You must be familiar with the most common type of joint loan: a mortgage taken by you and your spouse. However, joint personal loans are also common among people who cannot secure a deal due to less-than-stellar credit scores.
Joint personal loans are a sum of money that you borrow from a lender with another applicant who can be your significant other or any other family member. These loans are aimed at helping subprime borrowers who need money, but their poor credit report has called their credibility into question.
These loans work the same as a standard personal loan. Once the credit rating of both applicants is fetched from a credit agency and your income is perused, your lender will transfer money to your account that you will pay down in instalments. Each instalment will be amortised in nature.
Since your co-applicant has an excellent credit score, you will likely get the loan at a competitive interest rate, but there are loads of things you might not be aware of these loans. Before you take the plunge, you should get down to the nitty-gritty of these loans.
- You are both jointly responsible for the repayment of the loan
If you and your spouse have taken out a personal loan, you will split up the cost, but according to your agreement, you are both absolutely accountable for the settlement of the whole of the debt. In case your partner becomes cash-starved, you will be held responsible for paying down the entire instalment.
You should also look over your financial situation on the grounds of full loan settlement so you do not fall behind on payments. Take into account the soaring cost of living as well if you have an extended loan term.
- Your credit file will be linked to your partner’s
As you are both connected to a loan, your credit report will also be linked to your partner’s credit file, and it may have an impact on your borrowing ability down the line. Bear in mind that your credit score is influenced by your previous credit performance. If you owe a lot of money, you will end up with expensive deals.
Even if you have both successfully cleared your joint personal loan, your chances of getting attractive interest rates are bleak. However, that is the case when you try to take out, say, no guarantor loans from a direct lender when there is no considerable lapse of time.
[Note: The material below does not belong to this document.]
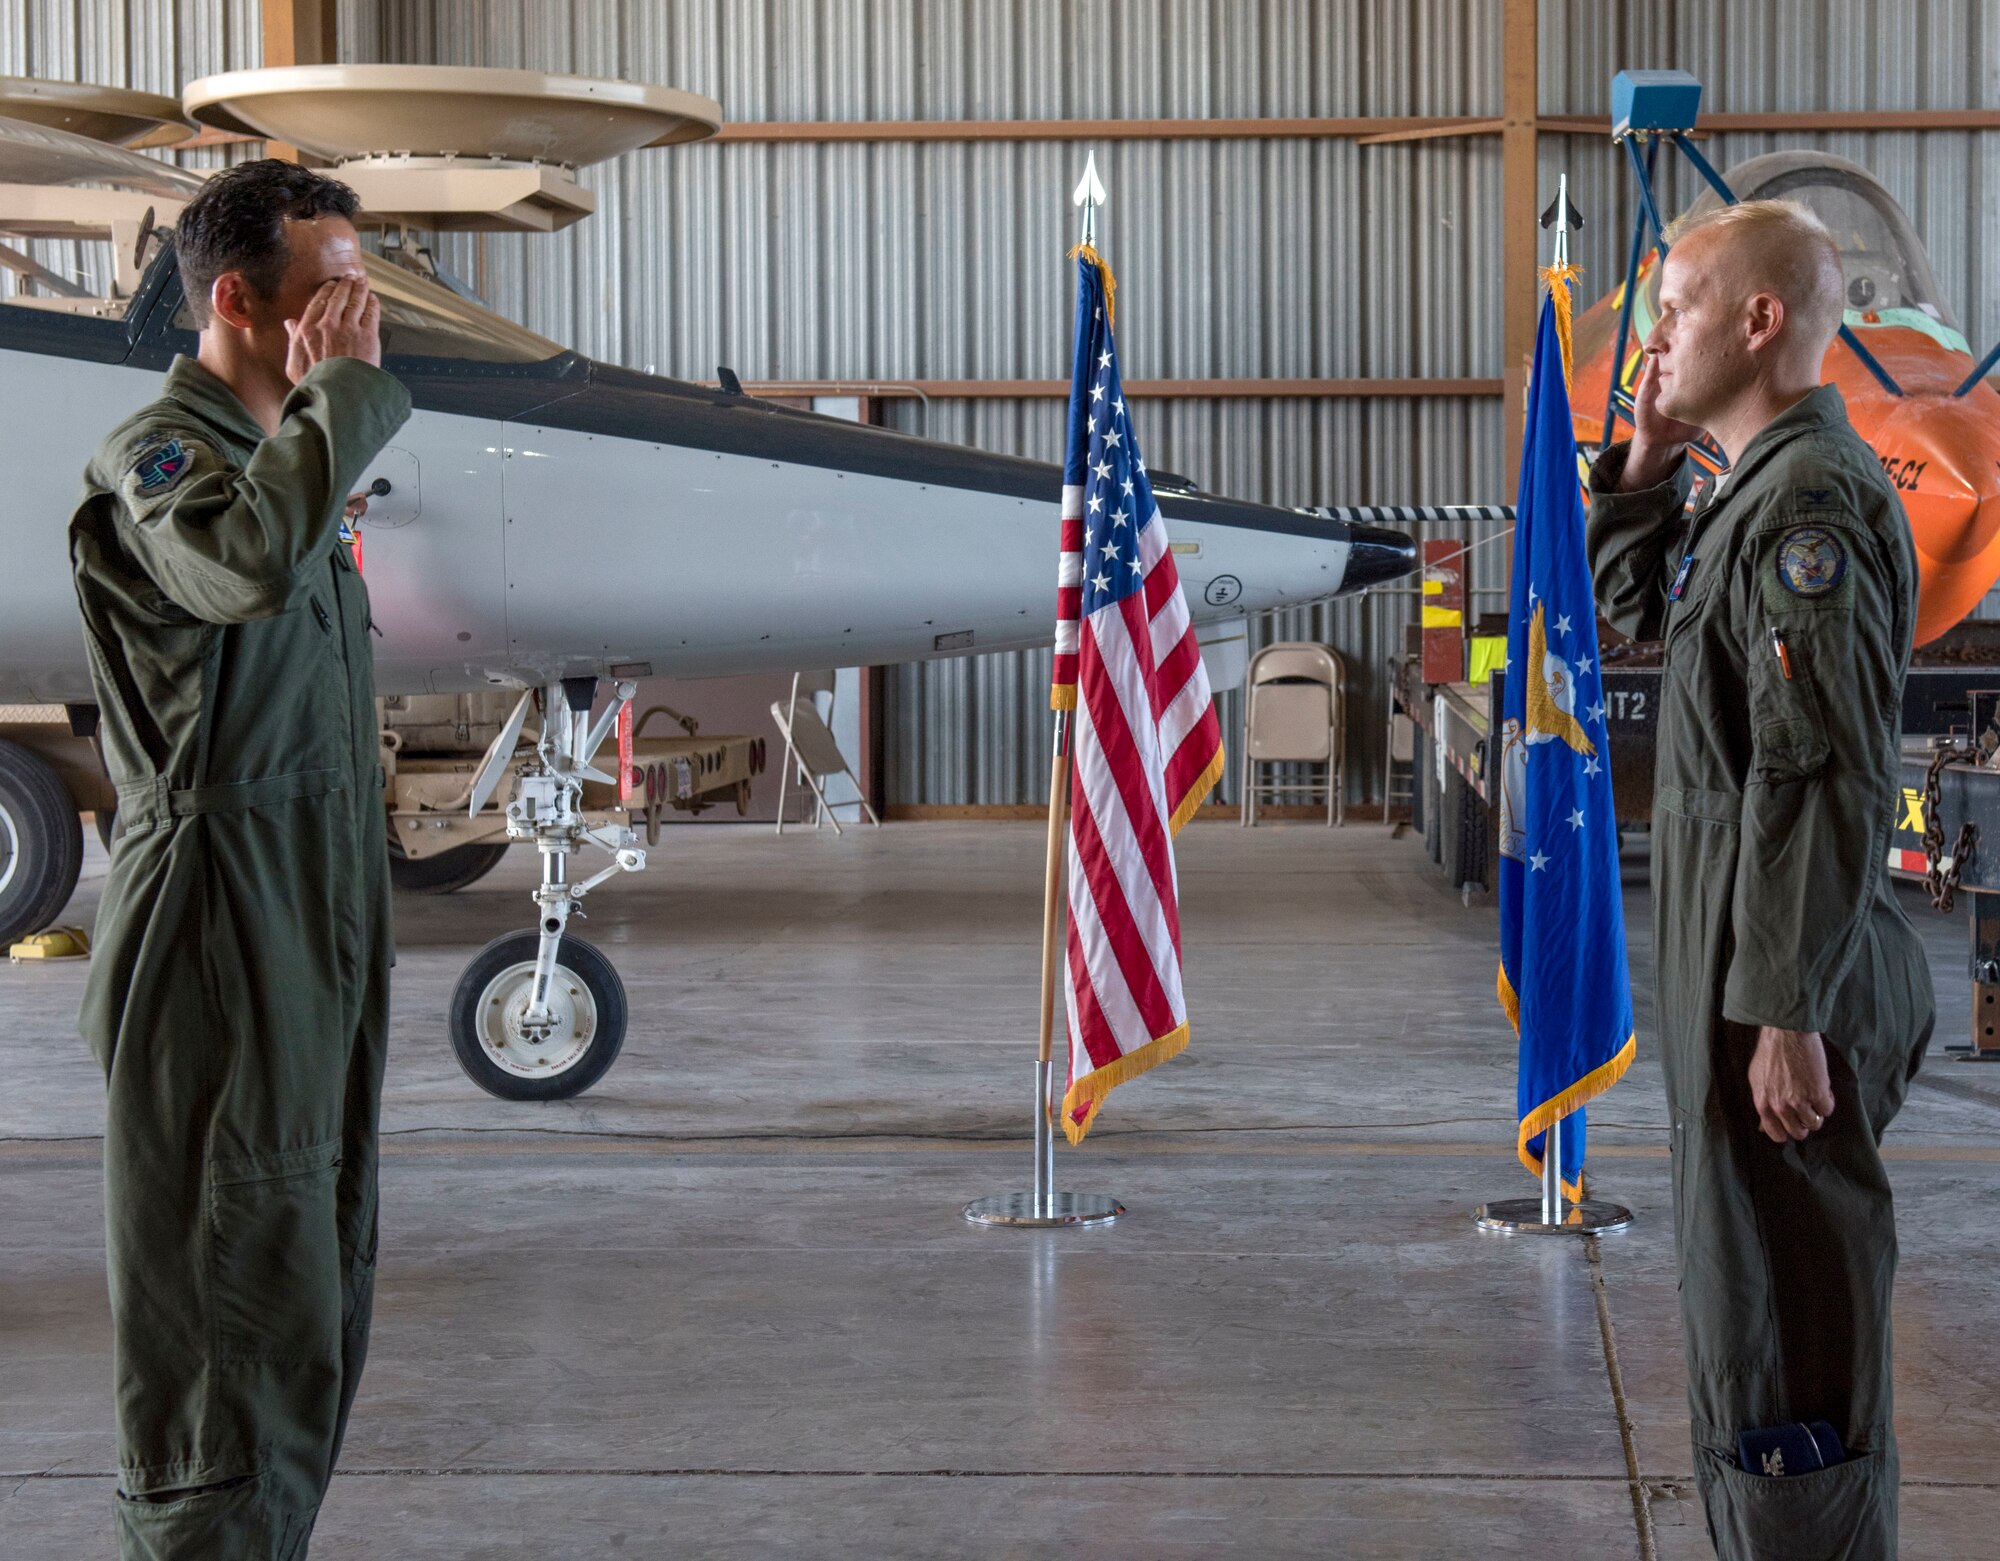 AEDC Commander Col. Jeffrey Geraghty, left, and the new 704th Test Group Commander Col. Darren Wees exchange salutes during a Change of Command ceremony July 1 at Holloman Air Force Base, New Mexico. On that date, Wees officially assumed command of the 704 TG. (U.S. Air Force photo by Airman 1st Class Quion Lowe)

Remember that the fallout from linking your credit file to someone whose credit rating is not up to snuff is poor borrowing ability. Despite having settled the loan, the impact of their bad credit rating can influence the decision. You might be turned down for a loan, or if you get the nod, high-interest rates will be levied.
- Missed payments will show up on the credit files of both
It is vital to note that your lender will inform credit bureaus about your timely payments, missed payments and defaults. As you are jointly responsible for the settlement of dues, your lender can seek the full payment from the other when one of you is in the red.
Even though the installment was made entirely by one of you, missed payments will be recorded on both of your credit files. Not to mention, you both will lose your credit points when you both refuse or fail to pay down an instalment.
In fact, when you apply for a joint personal loan, a lender will run a hard credit check on both applicants. Hard inquiries will temporarily ding credit points off you both. You will bounce back when you start making payments.
- You can flinch from payments when your partner dies
In the unfortunate event of death, you cannot expect yourself to be off the hook for half of the cost to be borne by your partner. Having said that, both applicants will ultimately be responsible for the whole debt; death cannot let you avoid your obligation. You are deemed to bear the entire cost of the debt.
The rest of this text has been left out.